- **REQUIRED WORK**: Only an exact copy of the lines from the one containing "3 Layers Waterproof" through the last line of the material below belongs in the answer, with no pictures.

- **GIVEN INFORMATION**:

::::

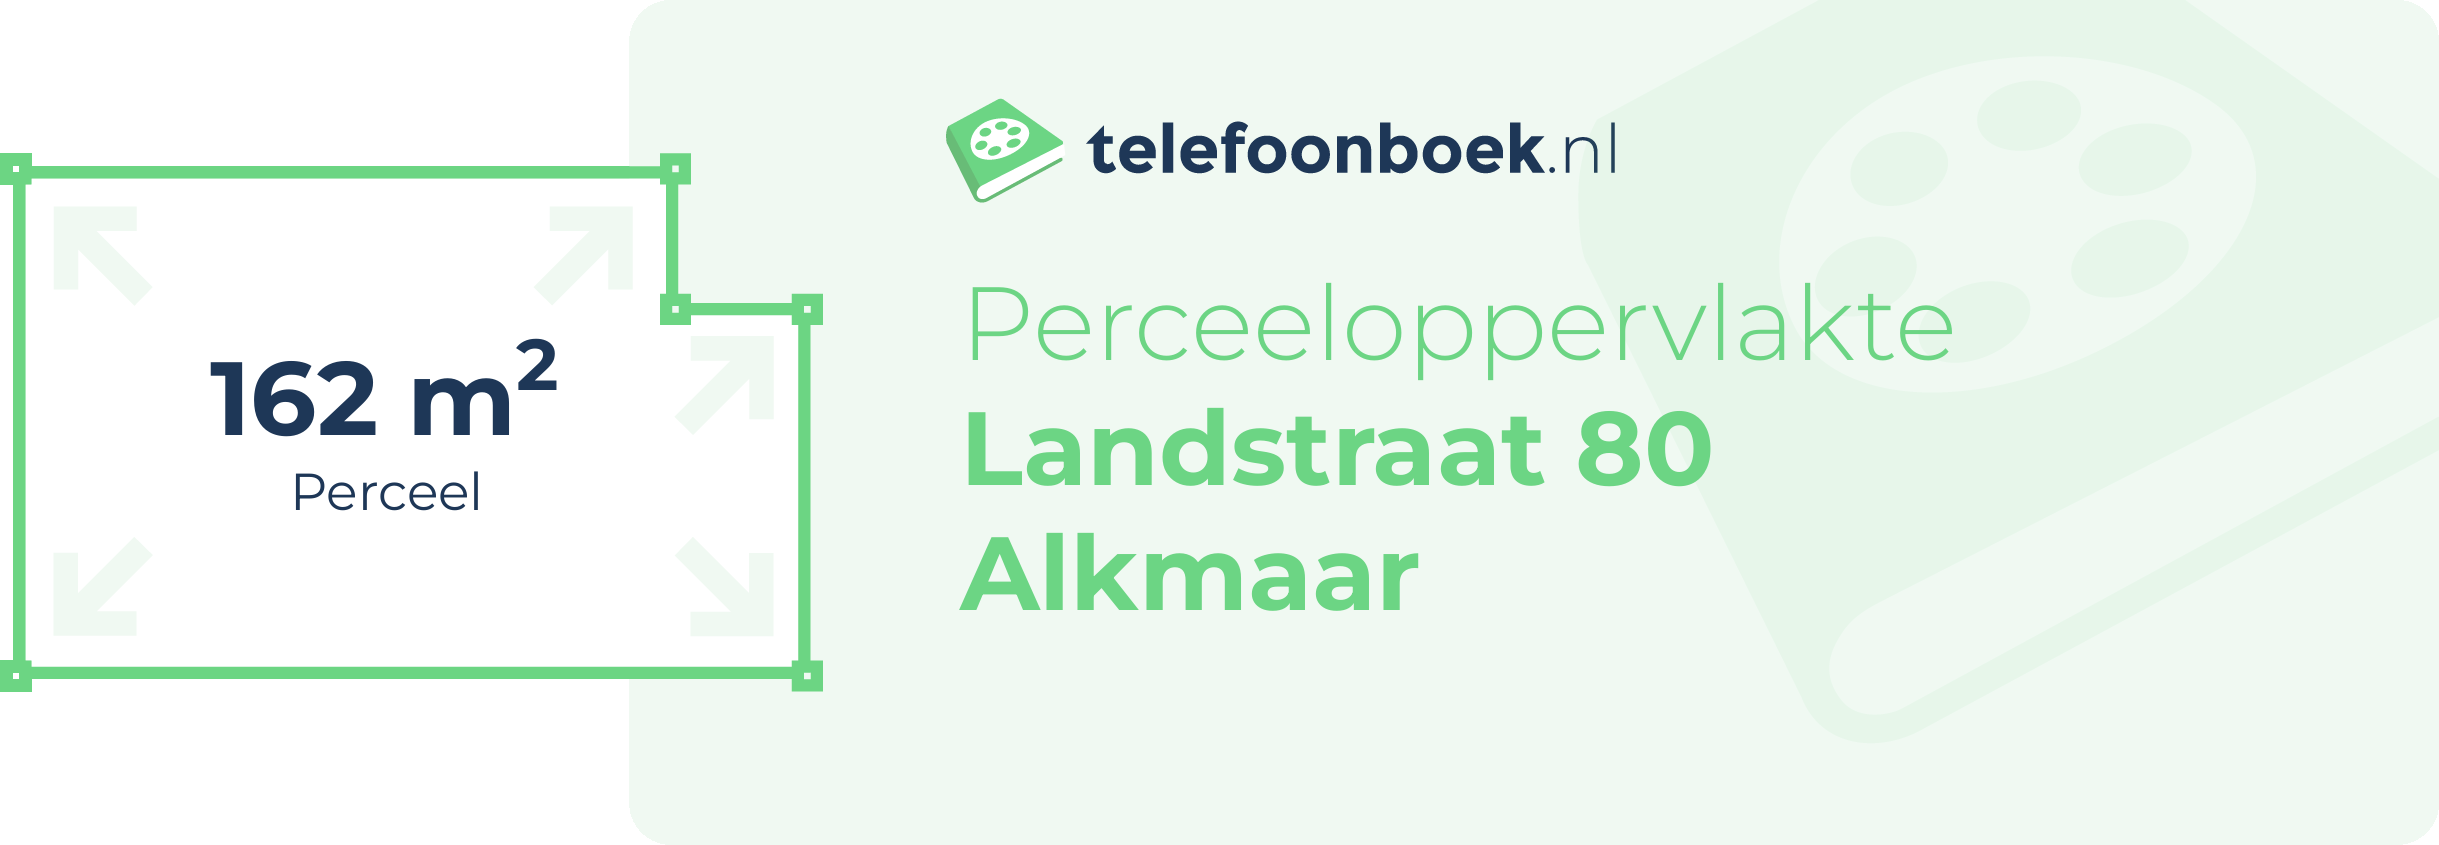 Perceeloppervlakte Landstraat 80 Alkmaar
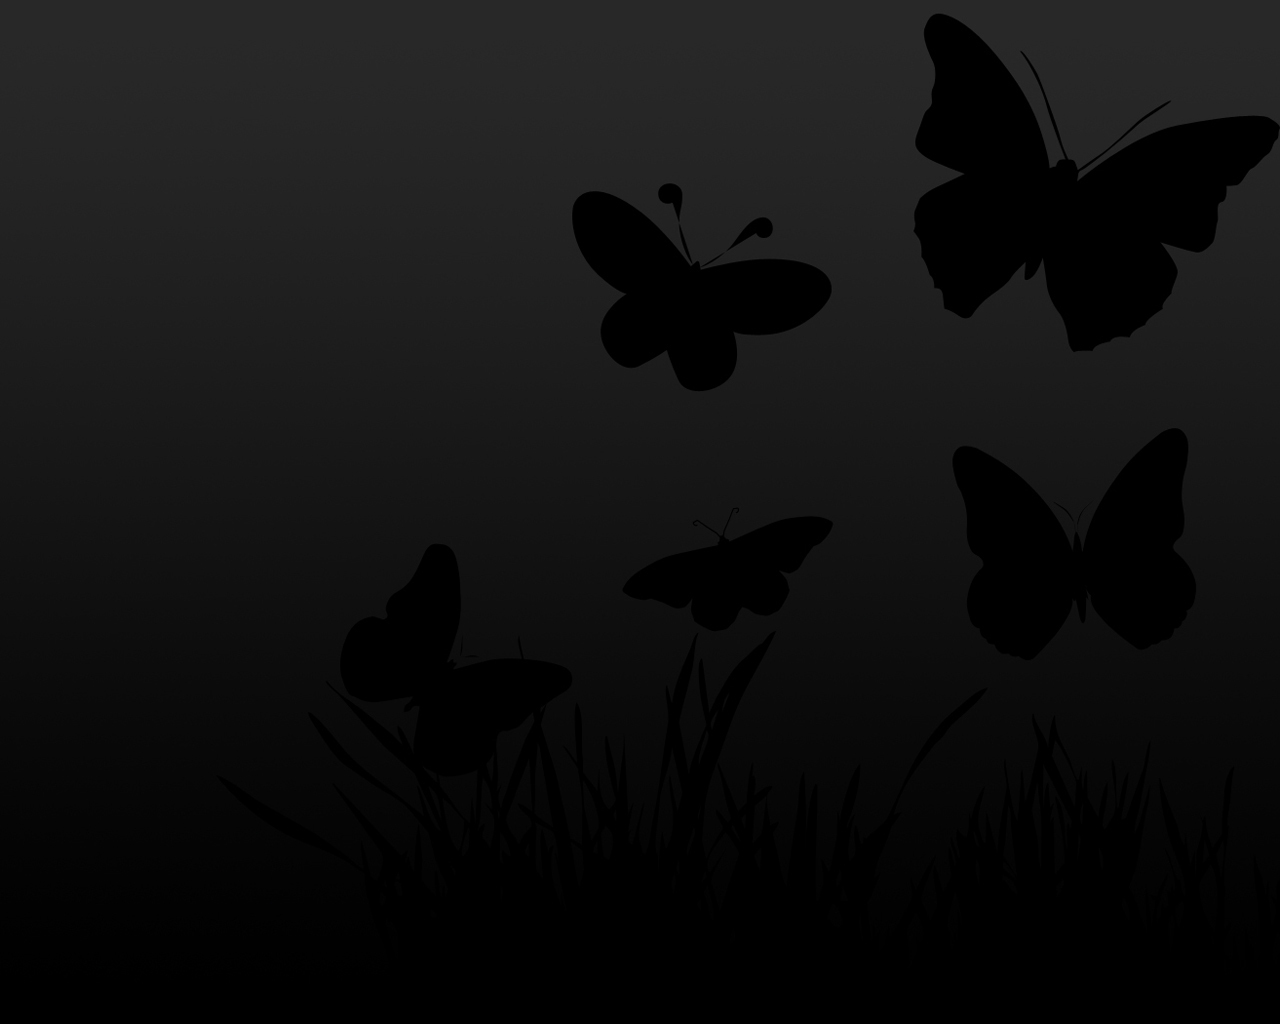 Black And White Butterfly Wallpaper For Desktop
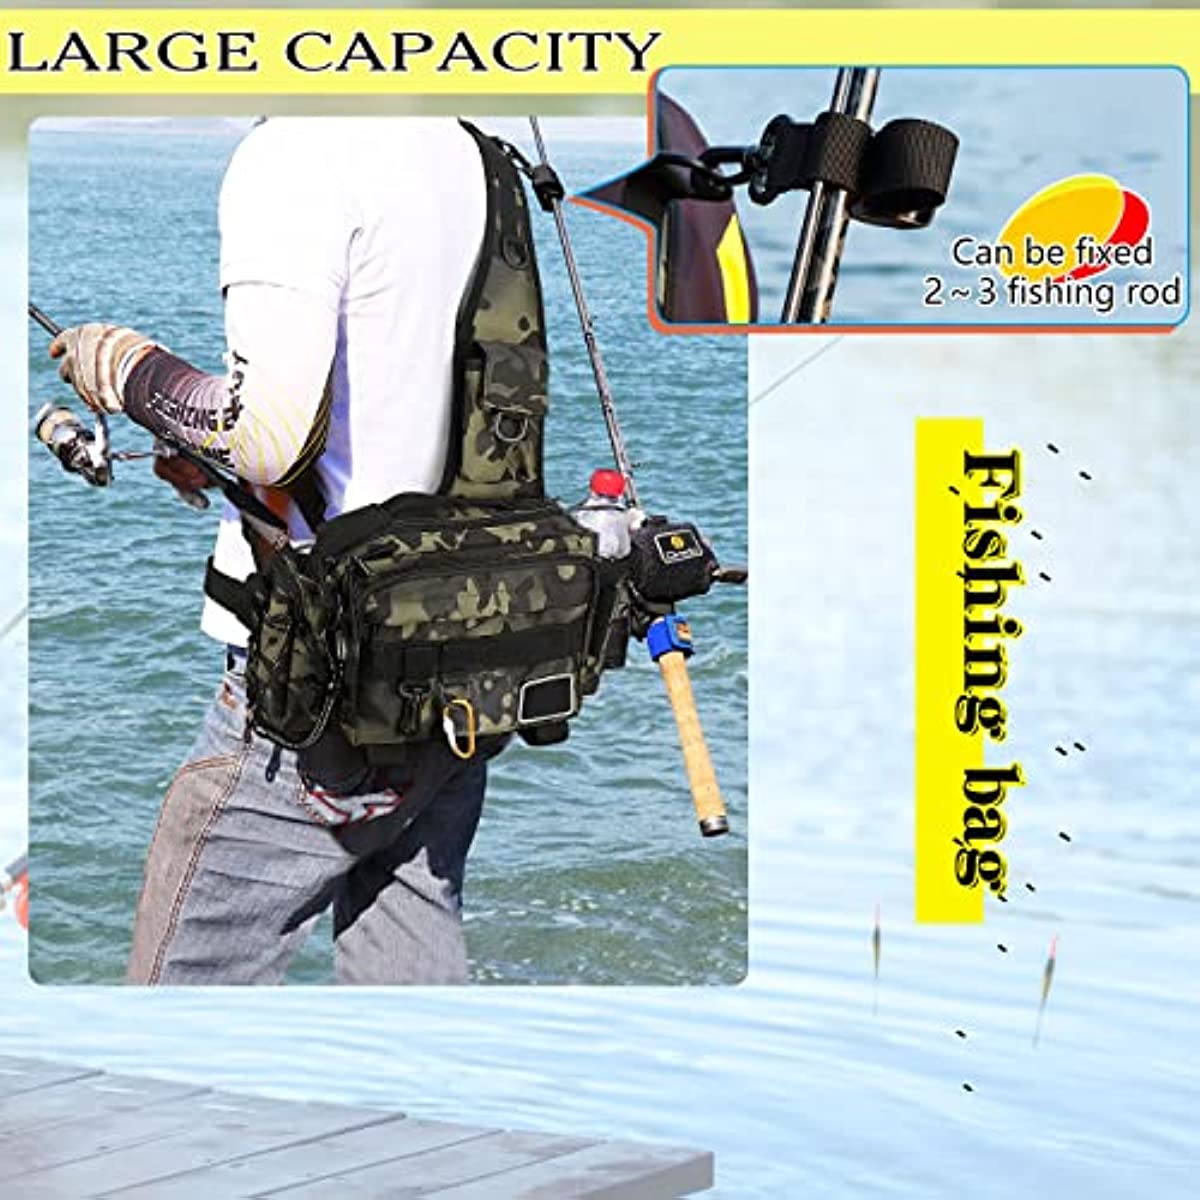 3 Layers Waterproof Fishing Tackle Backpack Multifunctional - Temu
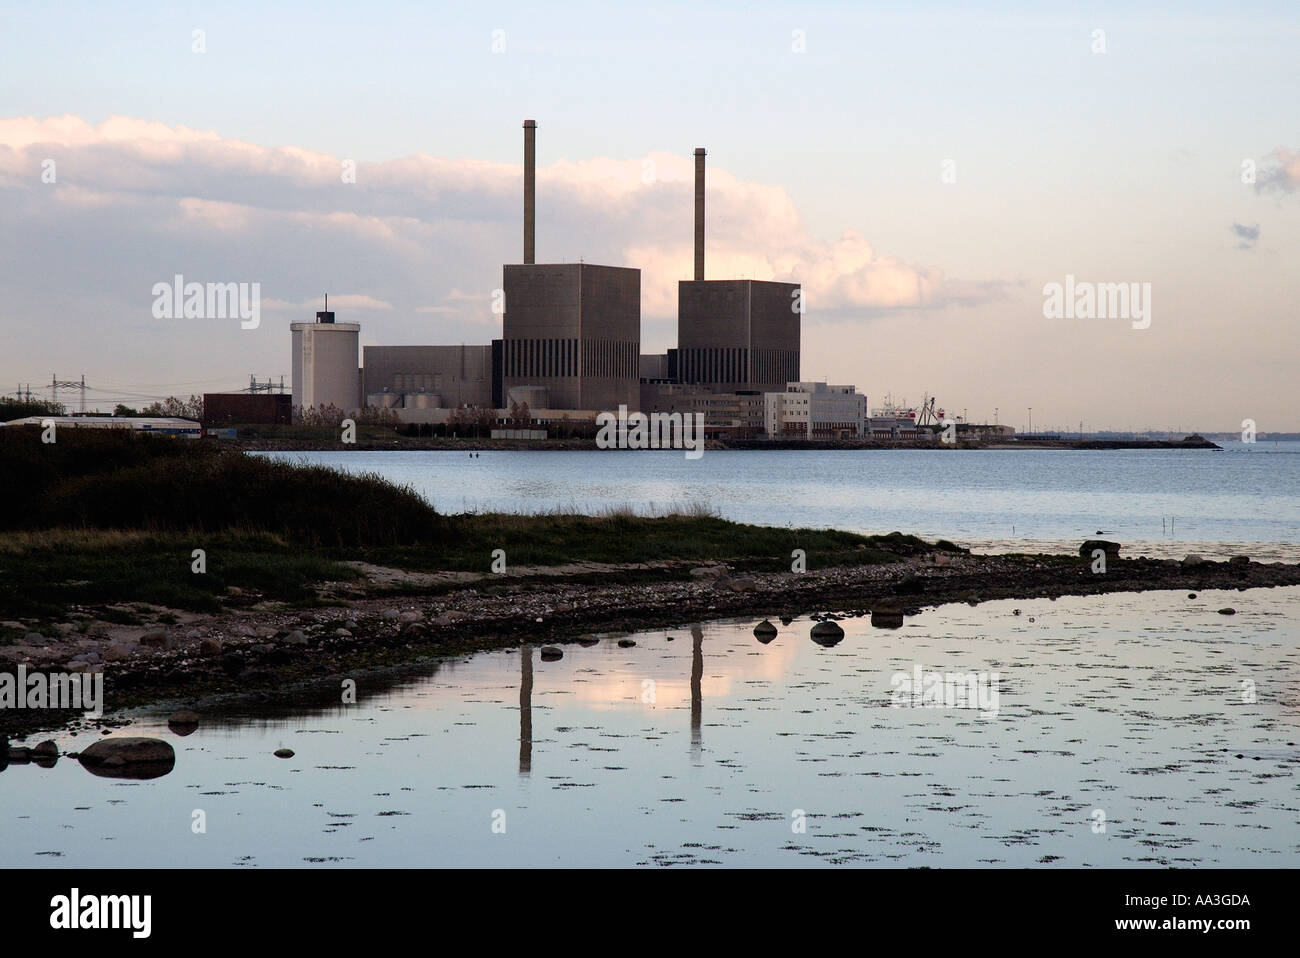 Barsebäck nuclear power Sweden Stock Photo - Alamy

::::

- **OUTPUT FOR THIS EXERCISE**:
 3 Layers Waterproof Fishing Tackle Backpack Multifunctional - Temu
 Barsebäck nuclear power Sweden Stock Photo - Alamy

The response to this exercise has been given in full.